_WHAT NEEDS TO BE DONE_. If pictures appear in the lines below, skip them and copy exactly the lines from the one containing "Phó Thủ tướng" through the one containing "Yves Saint Laurent", and nothing else.

===== RECORDS PROVIDED

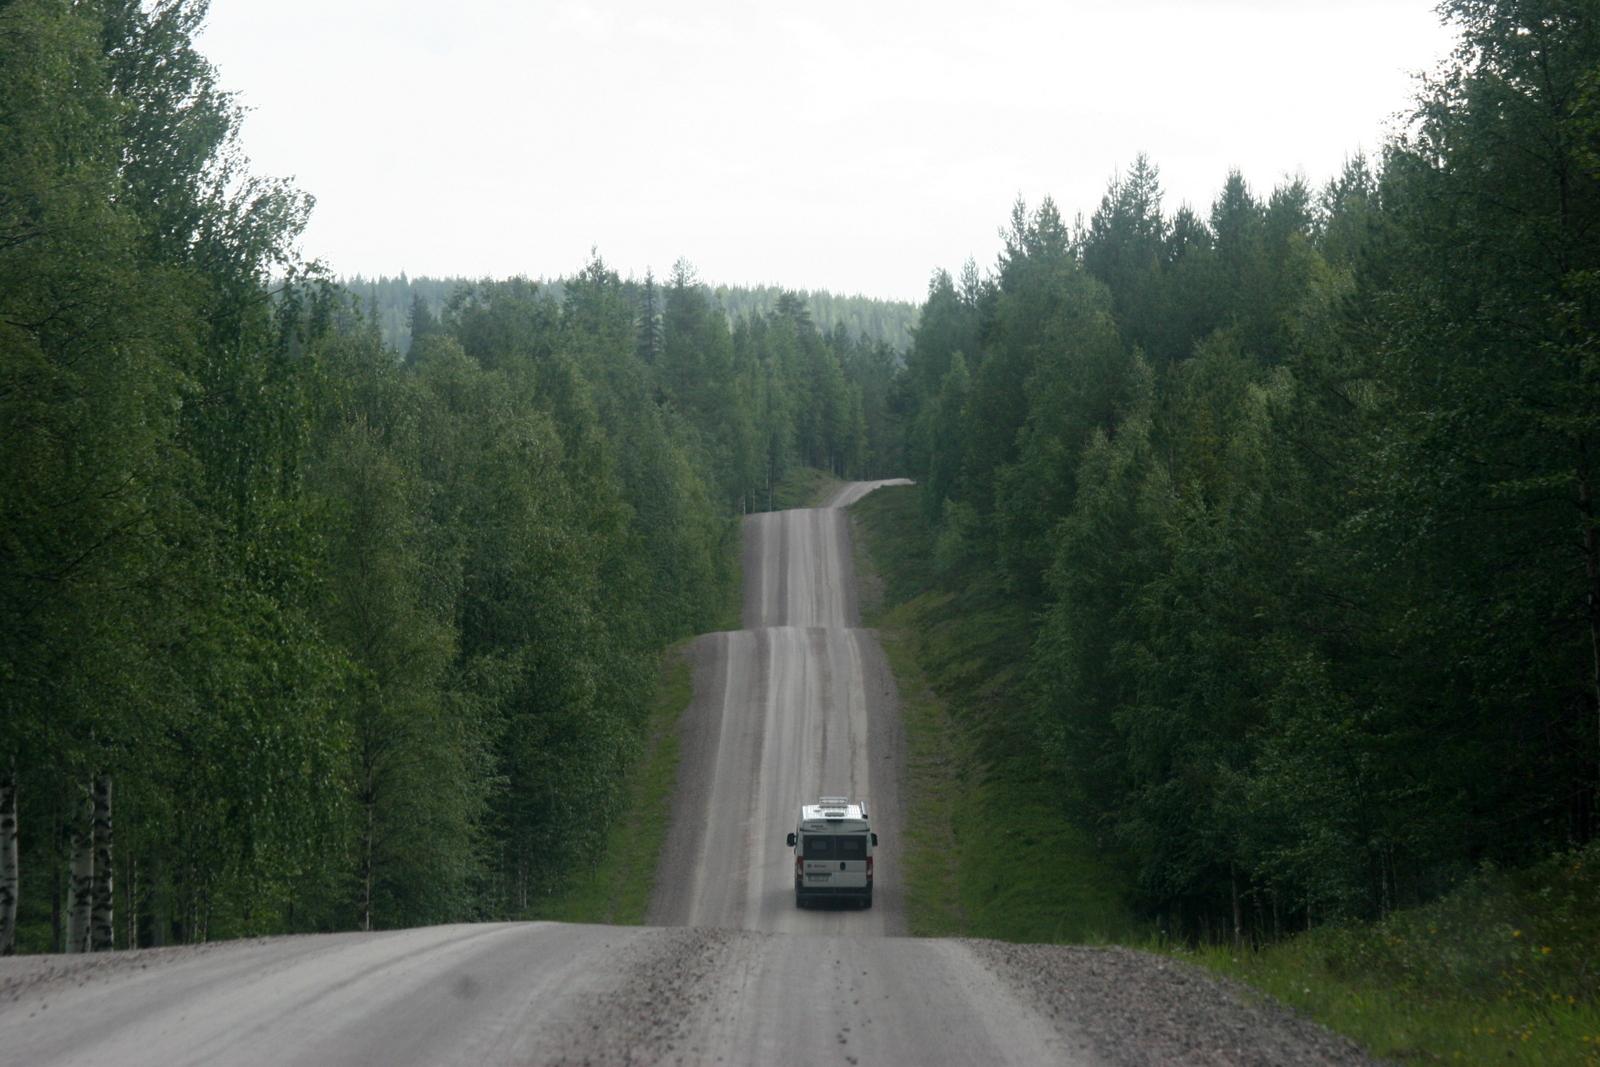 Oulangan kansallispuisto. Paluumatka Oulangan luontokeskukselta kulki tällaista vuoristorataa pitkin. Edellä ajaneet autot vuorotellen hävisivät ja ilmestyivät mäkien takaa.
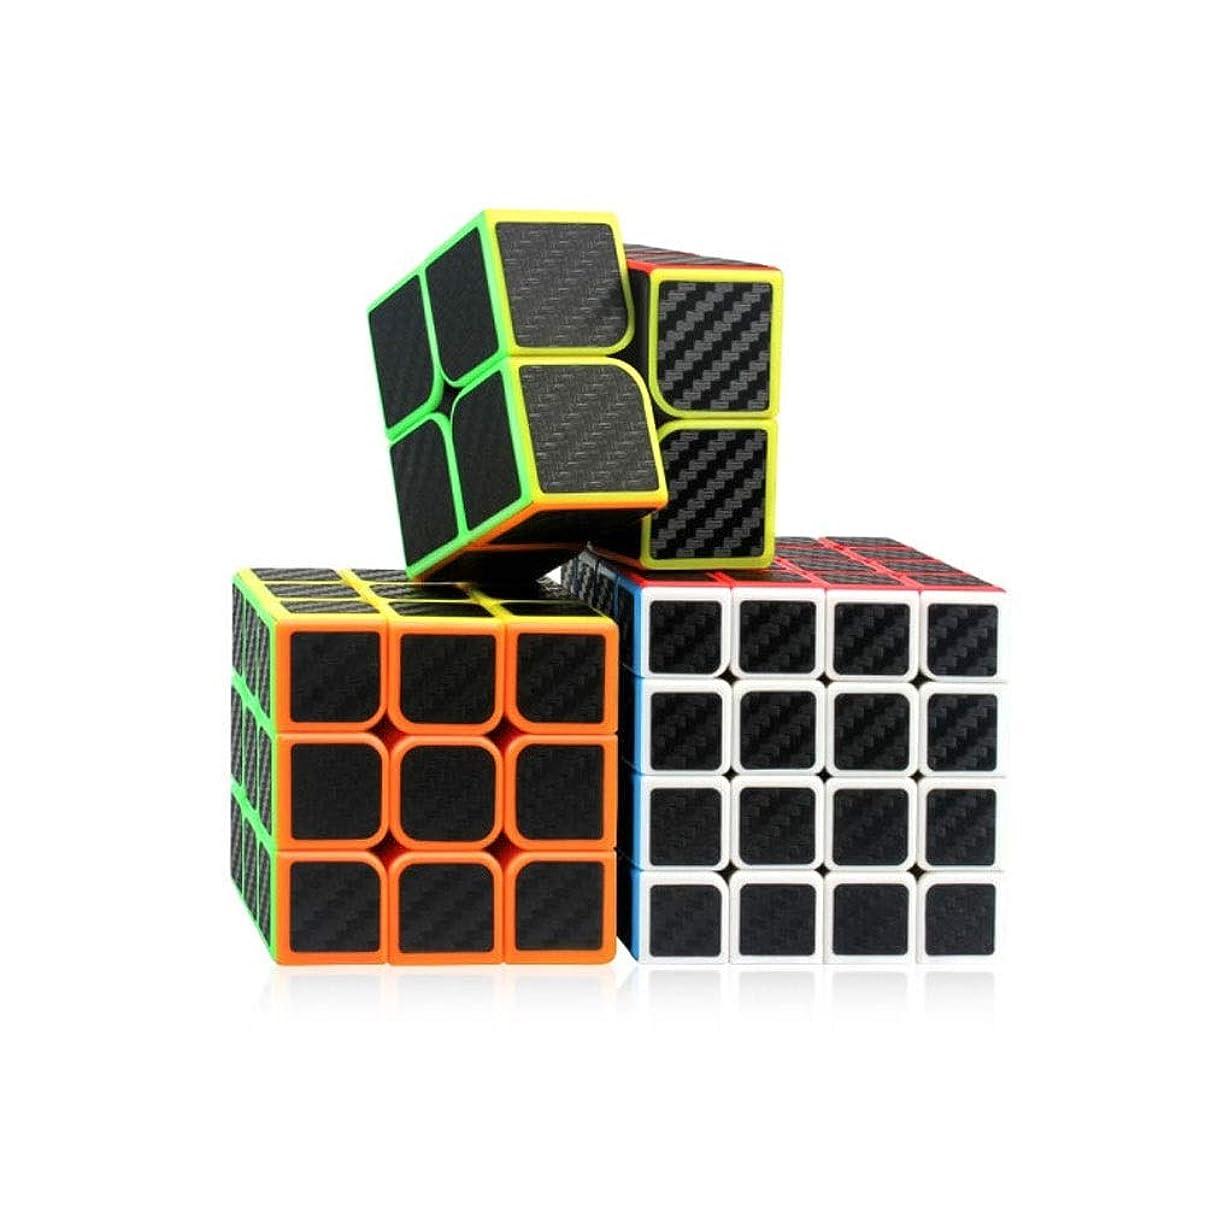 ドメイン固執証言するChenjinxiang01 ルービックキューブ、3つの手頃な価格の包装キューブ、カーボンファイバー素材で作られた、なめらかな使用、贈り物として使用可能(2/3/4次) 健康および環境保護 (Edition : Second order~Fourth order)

==========
===== RECORDS PROVIDED

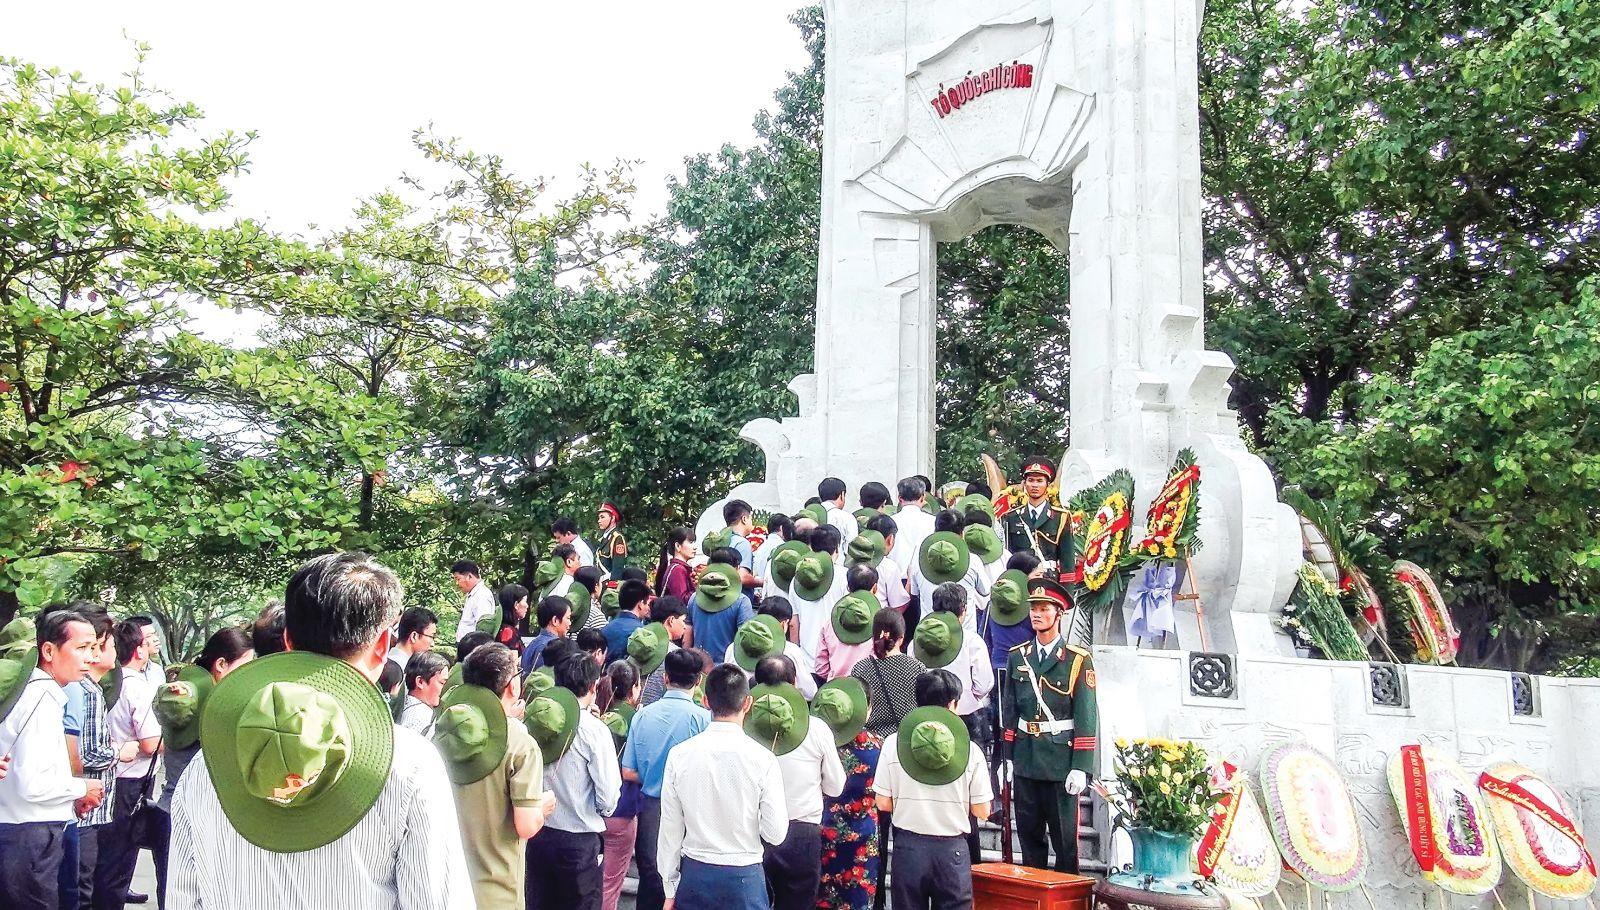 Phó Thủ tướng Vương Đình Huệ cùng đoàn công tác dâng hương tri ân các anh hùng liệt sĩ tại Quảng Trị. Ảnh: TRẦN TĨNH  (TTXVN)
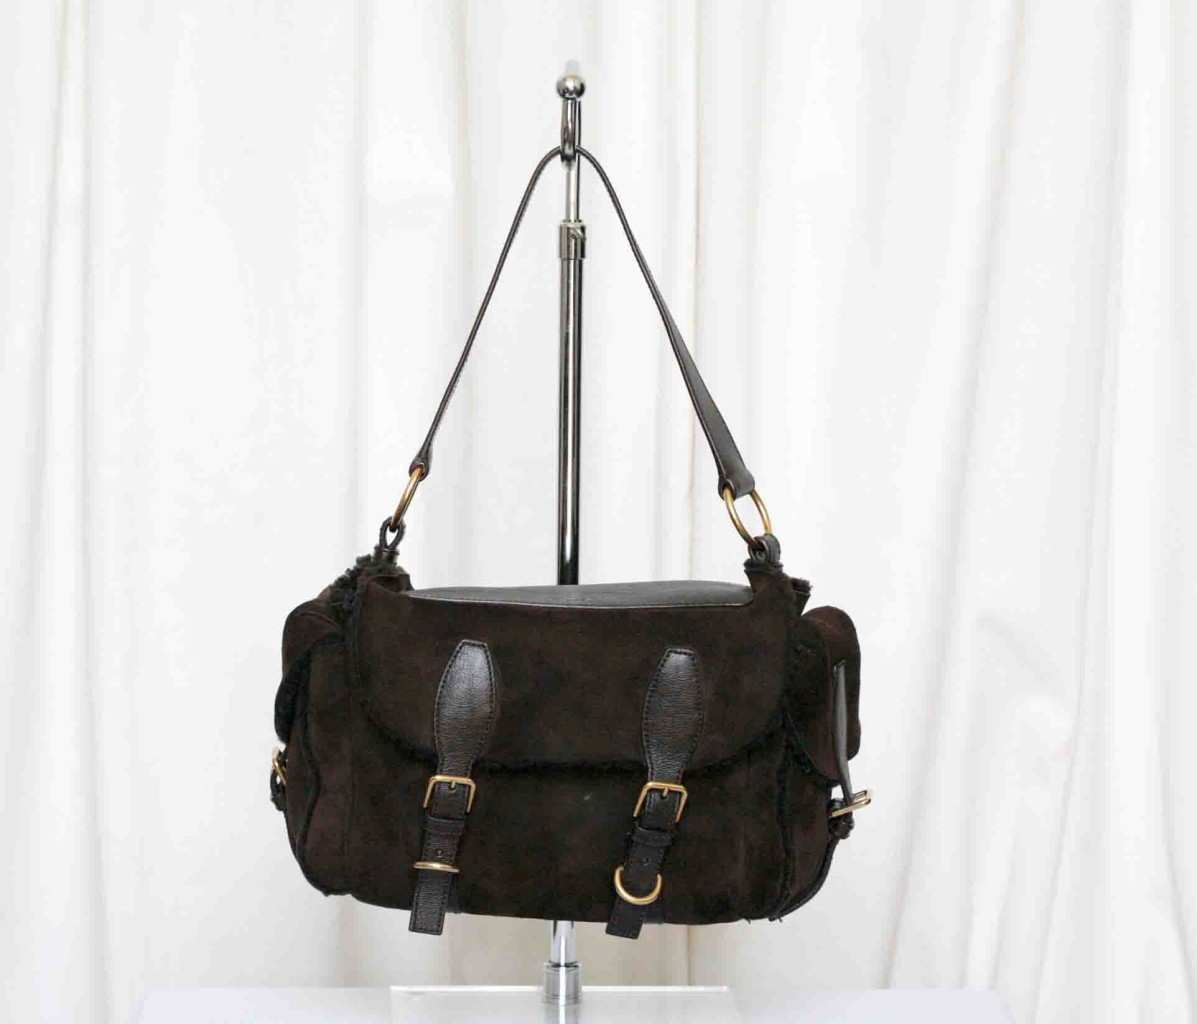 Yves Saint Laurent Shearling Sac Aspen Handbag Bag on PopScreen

==========

_TASK ANSWER_.
 Phó Thủ tướng Vương Đình Huệ cùng đoàn công tác dâng hương tri ân các anh hùng liệt sĩ tại Quảng Trị. Ảnh: TRẦN TĨNH  (TTXVN)
 Yves Saint Laurent Shearling Sac Aspen Handbag Bag on PopScreen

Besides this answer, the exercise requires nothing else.